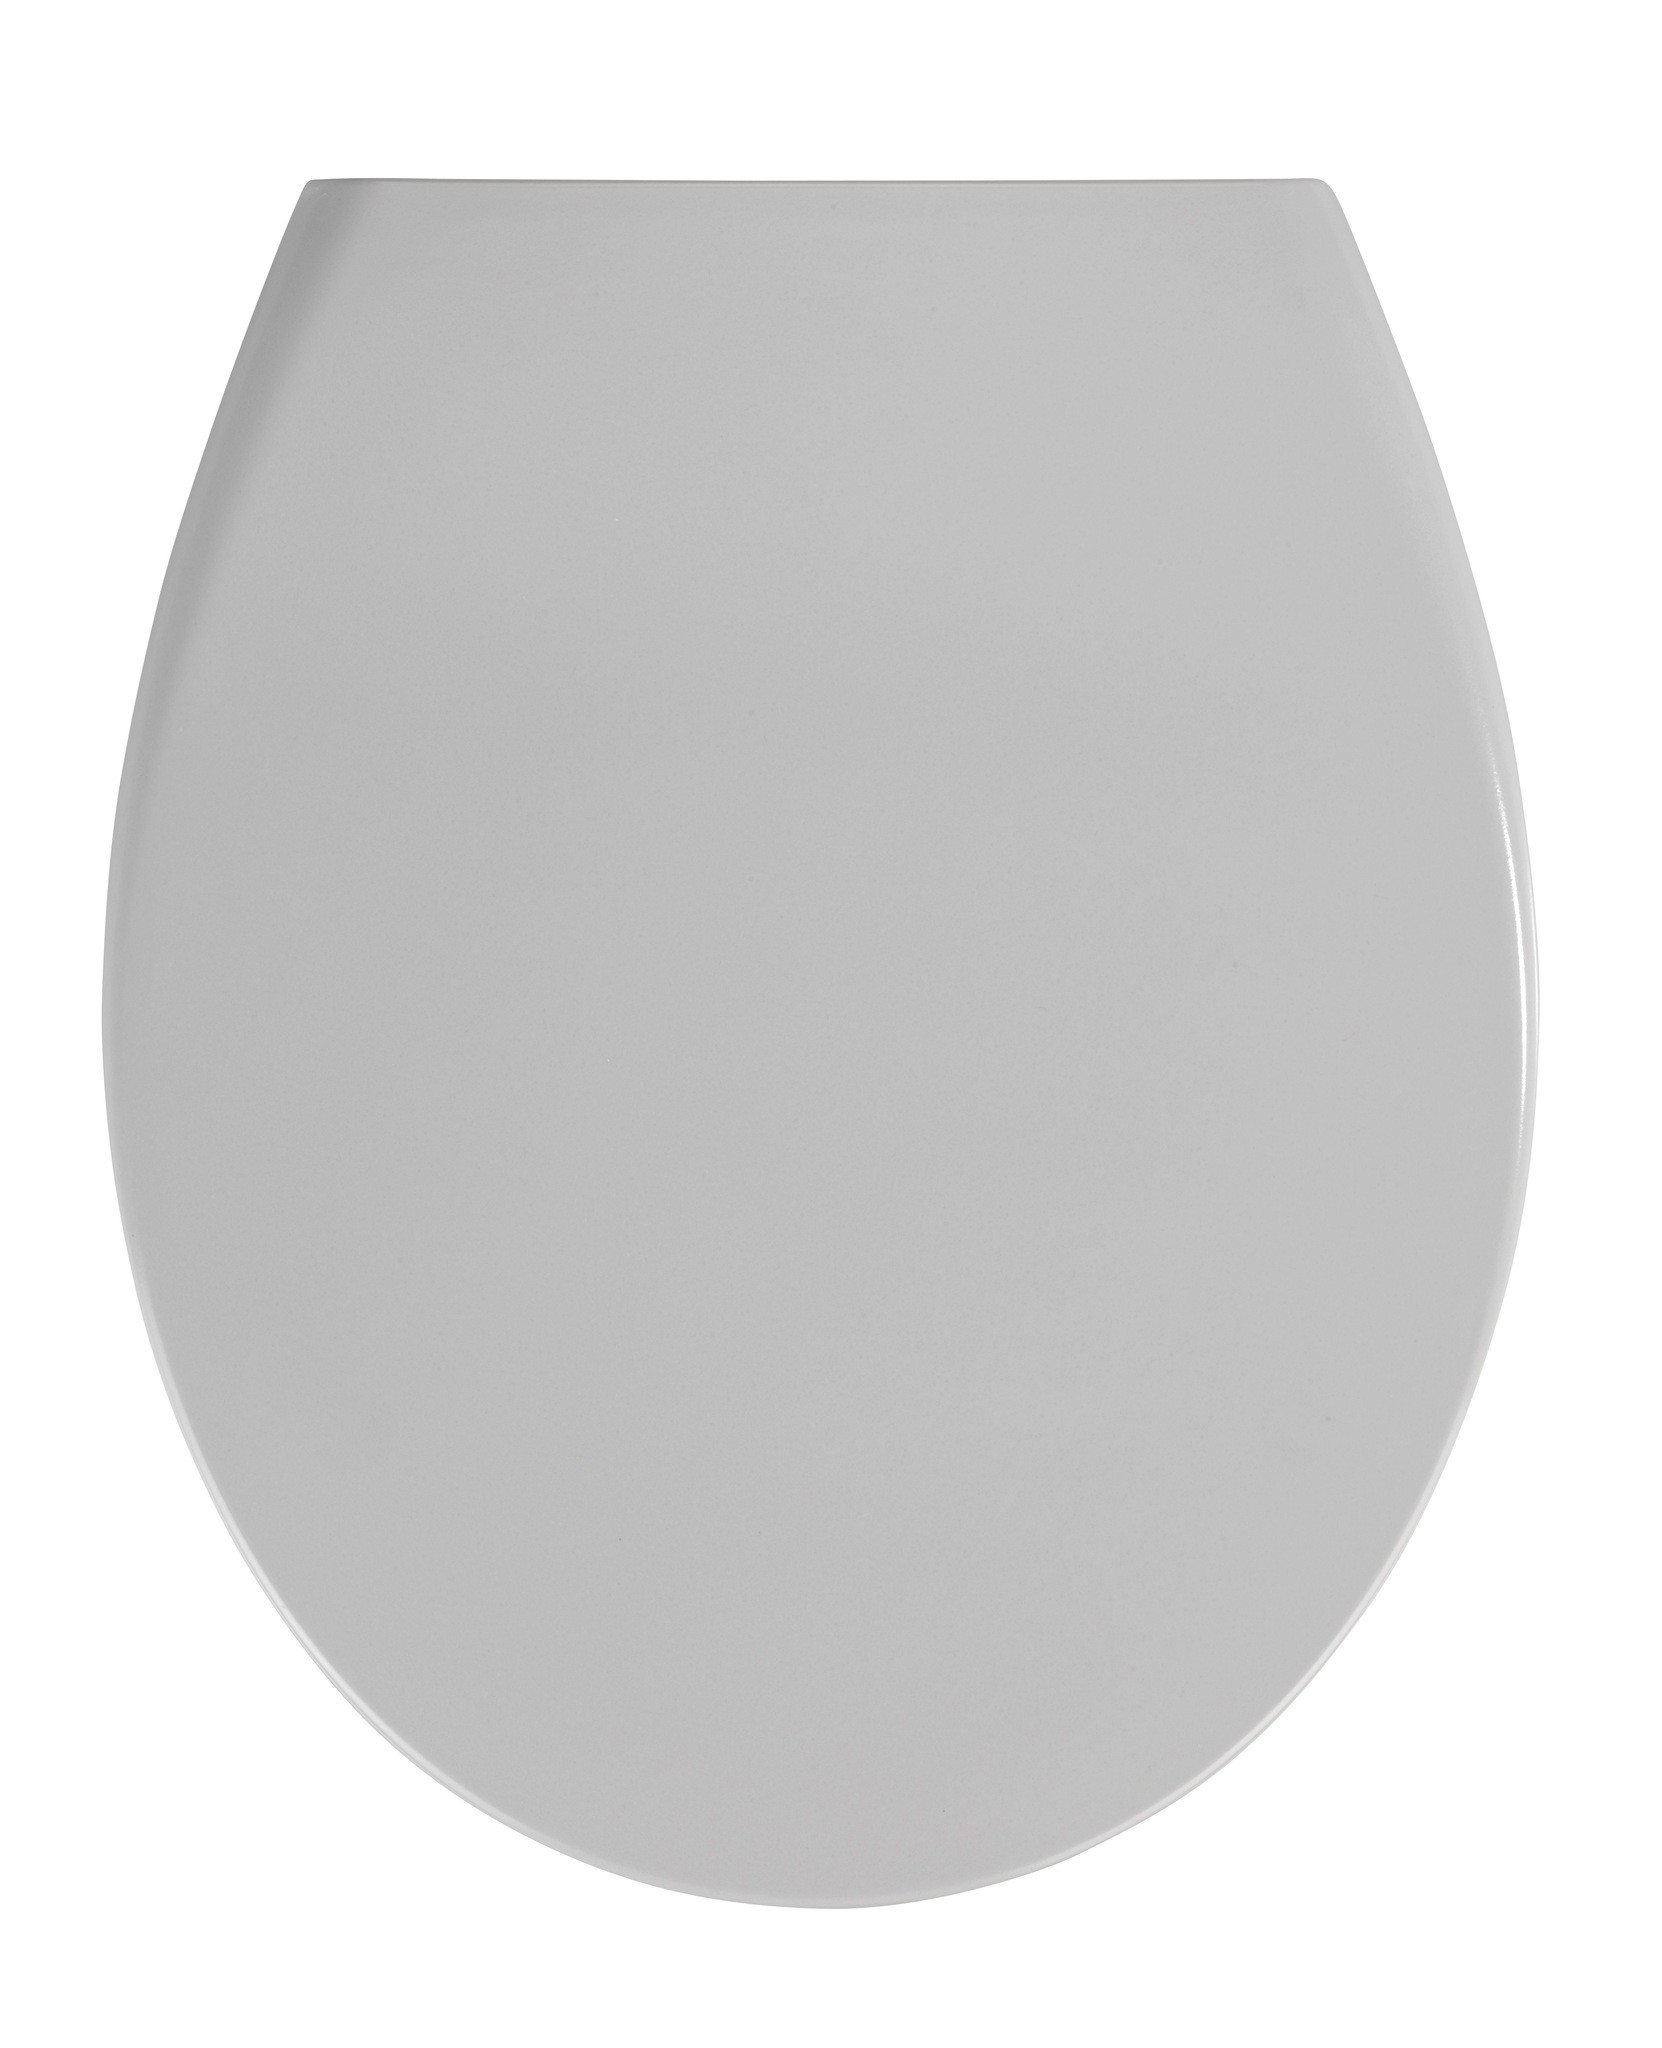 premium wc sitz samos concrete grey duroplast mit absenkautomatik von wenko jetzt kaufen bei. Black Bedroom Furniture Sets. Home Design Ideas
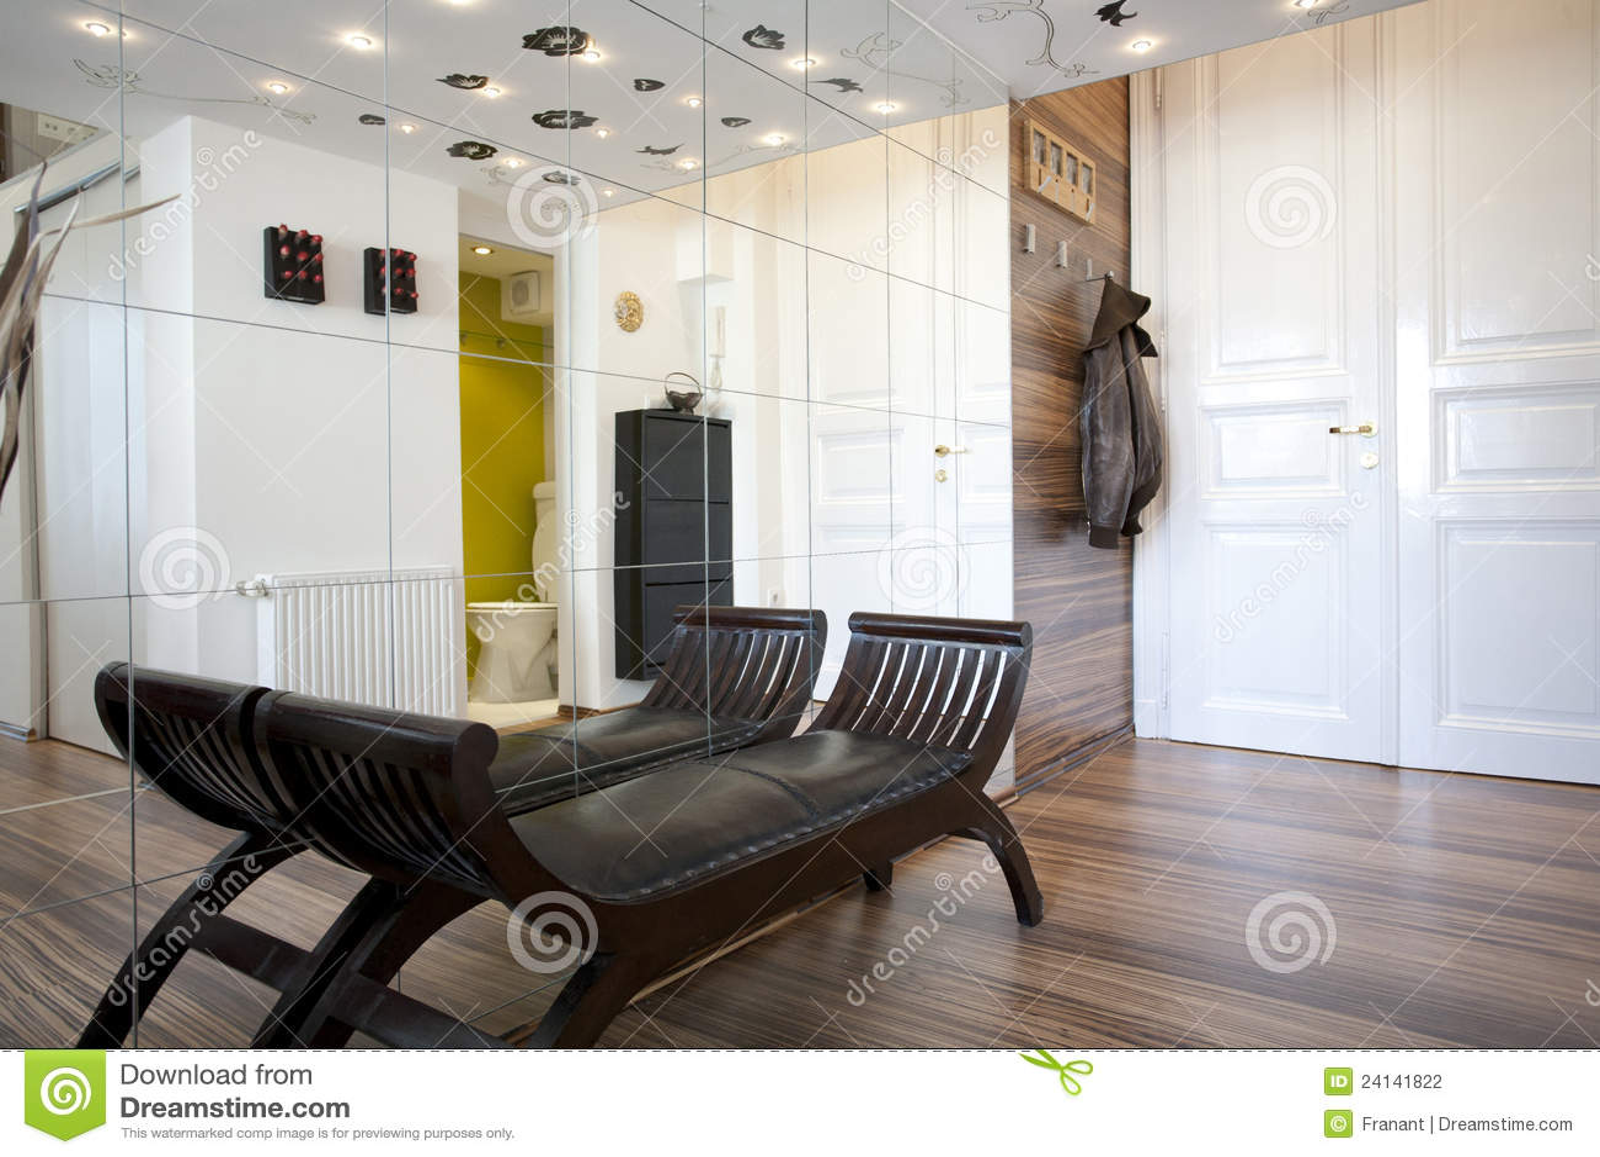 De hal binnenlands ontwerp van het huis stock foto afbeelding 24141822 - Hal ingang design huis ...
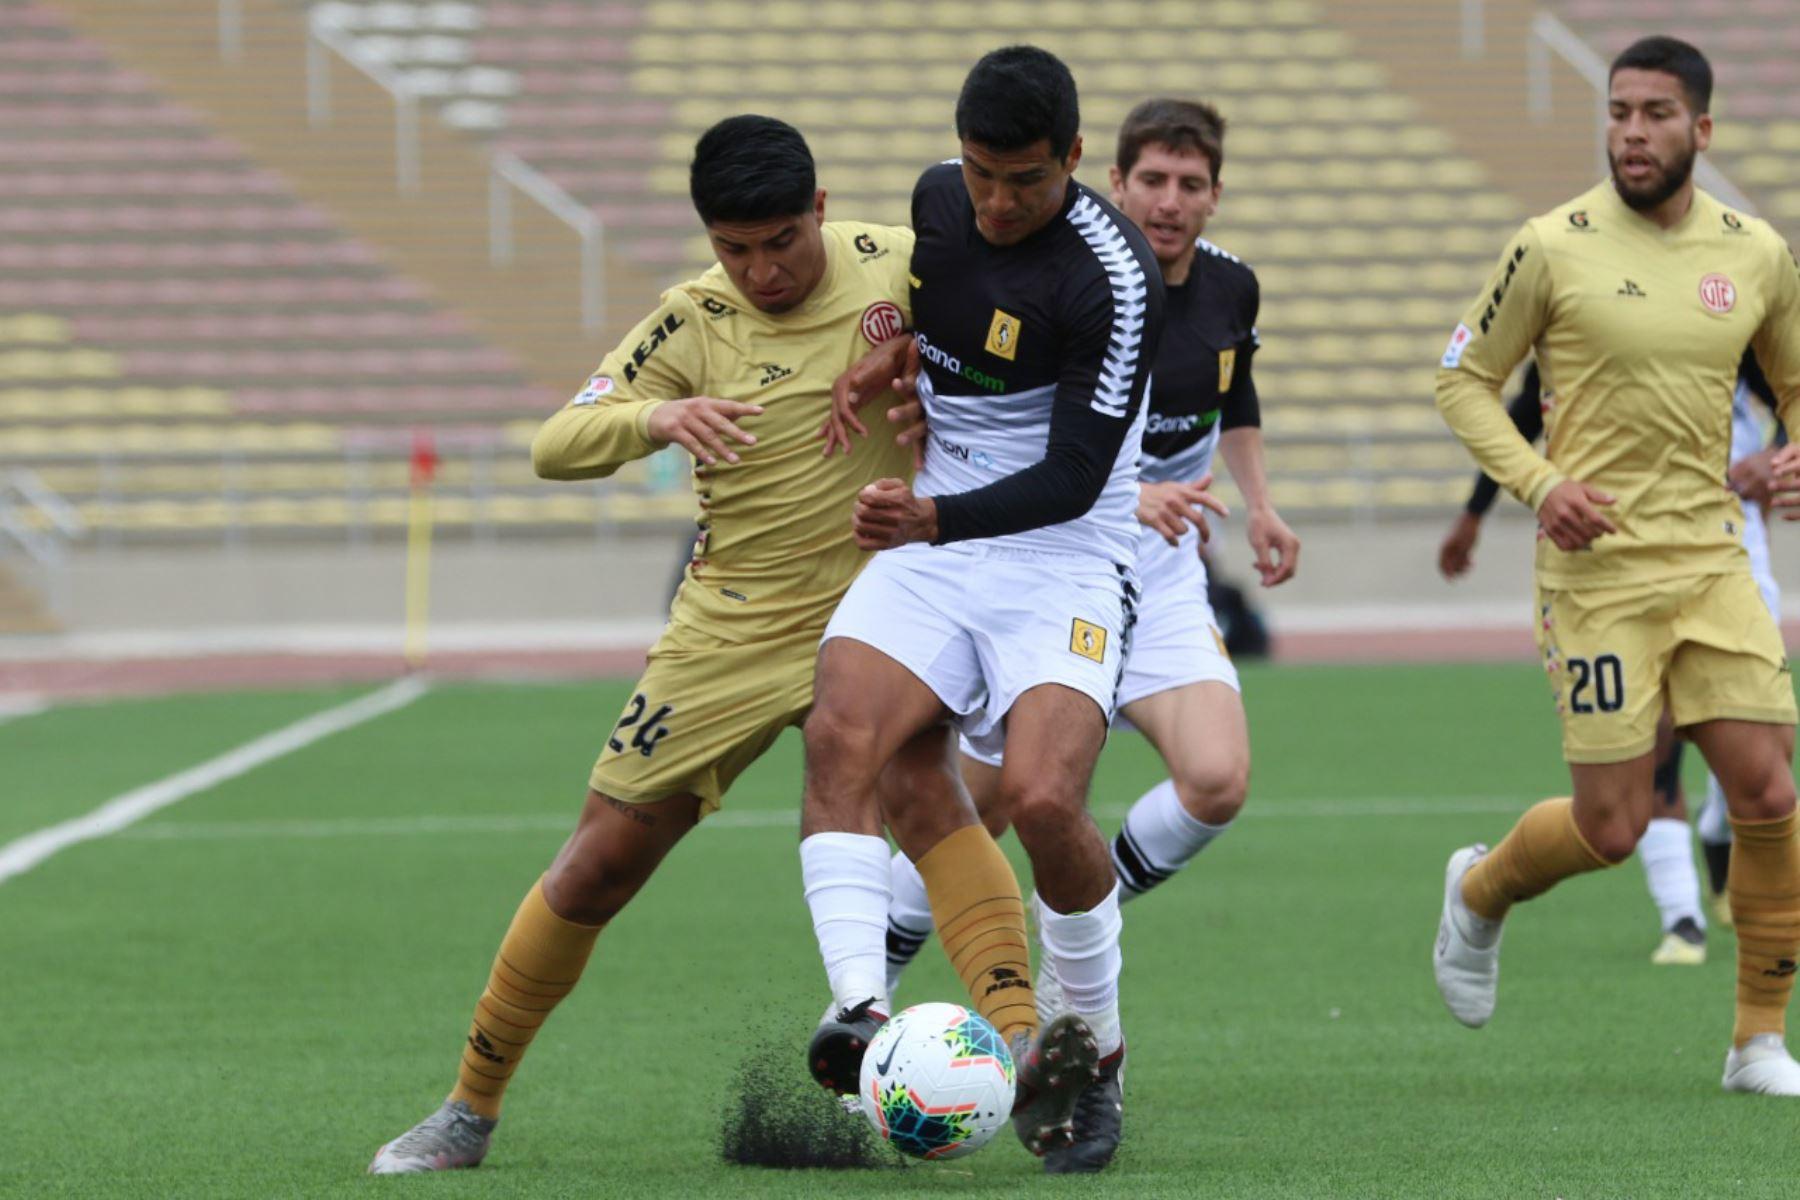 UTC  se enfrenta al Cantolao por la jornada 12 de la Liga 1 que se disputa en el estadio San Marcos.  Foto: @LigaFutProf
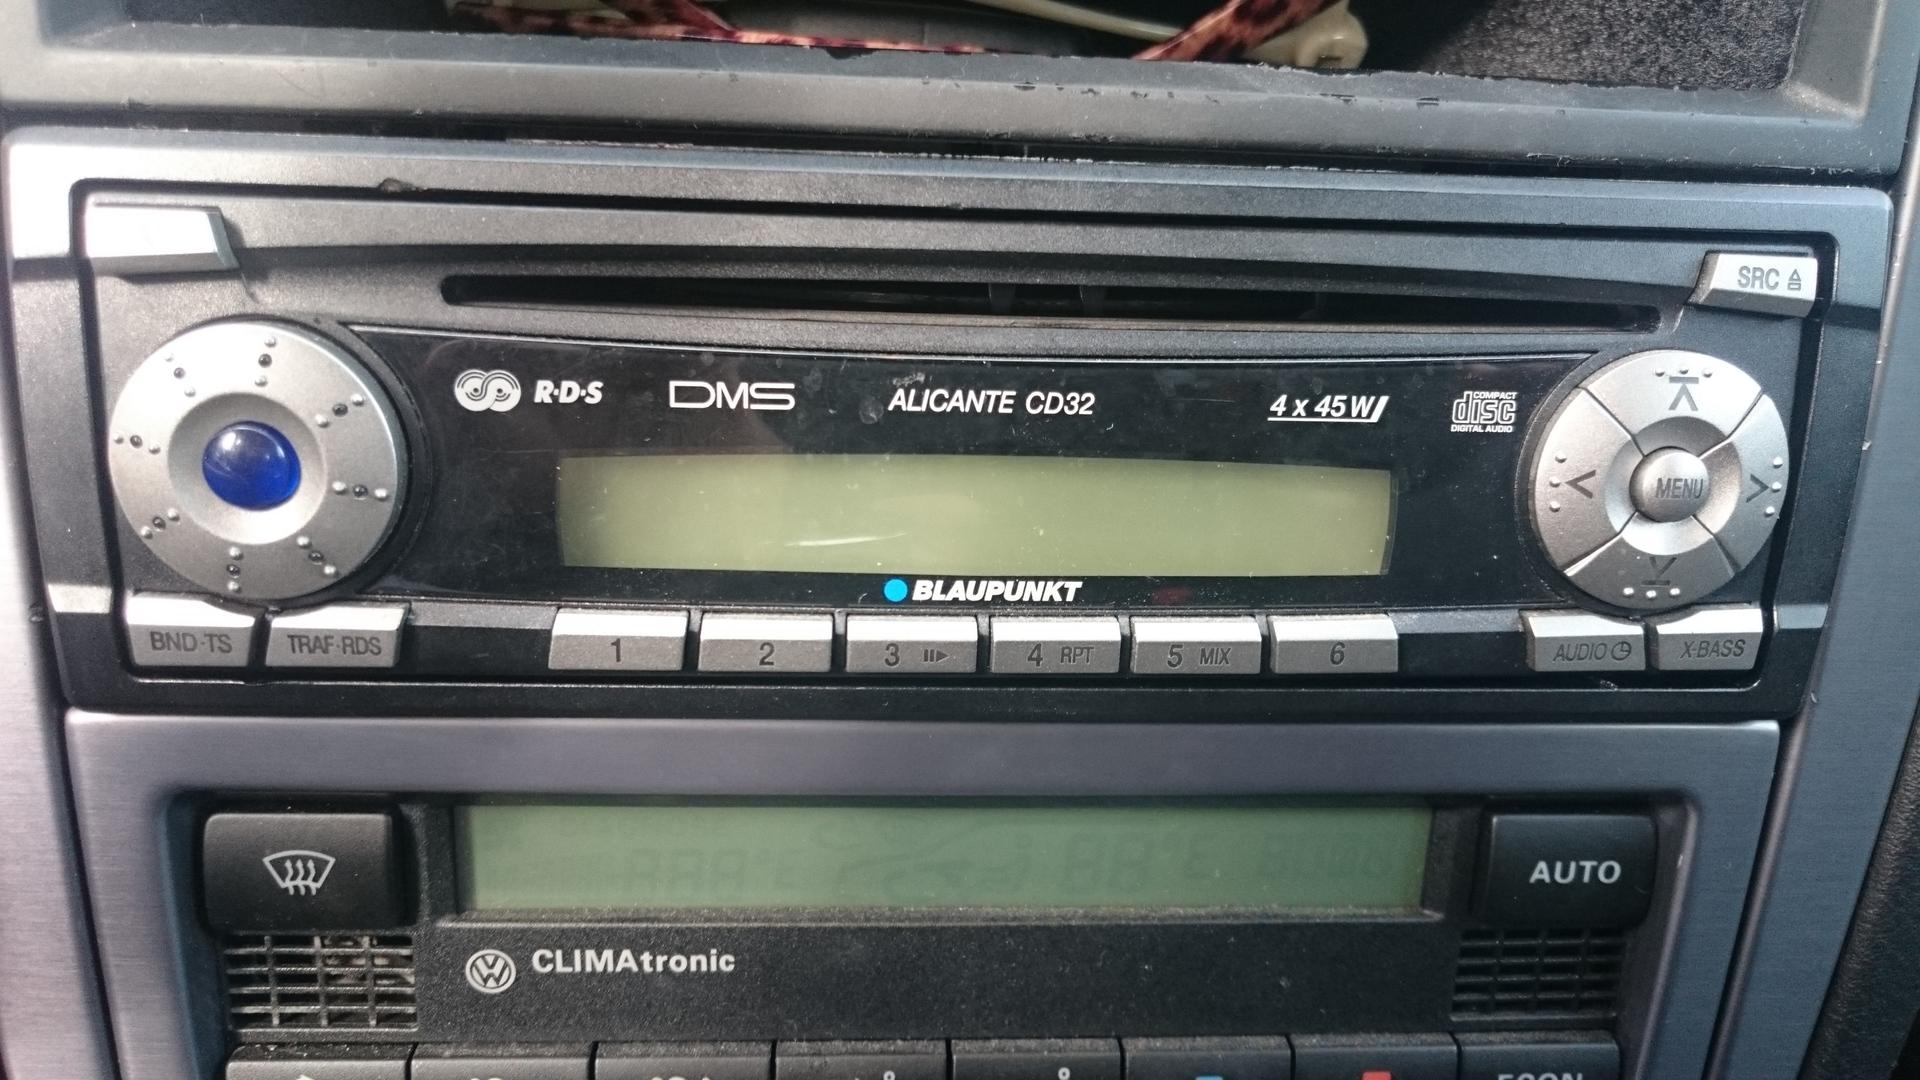 AUX-Kabel, Radio mit und ohne Display | anschluss, auxkabel, display ...

########

■ **Your assignment**:
The finished copy should match the data above word for word and contain no pictures.

■ **Your solution**:
 premium wc sitz samos concrete grey duroplast mit absenkautomatik von wenko jetzt kaufen bei. Black Bedroom Furniture Sets. Home Design Ideas
 De hal binnenlands ontwerp van het huis stock foto afbeelding 24141822 - Hal ingang design huis ...
 UTC  se enfrenta al Cantolao por la jornada 12 de la Liga 1 que se disputa en el estadio San Marcos.  Foto: @LigaFutProf
 AUX-Kabel, Radio mit und ohne Display | anschluss, auxkabel, display ...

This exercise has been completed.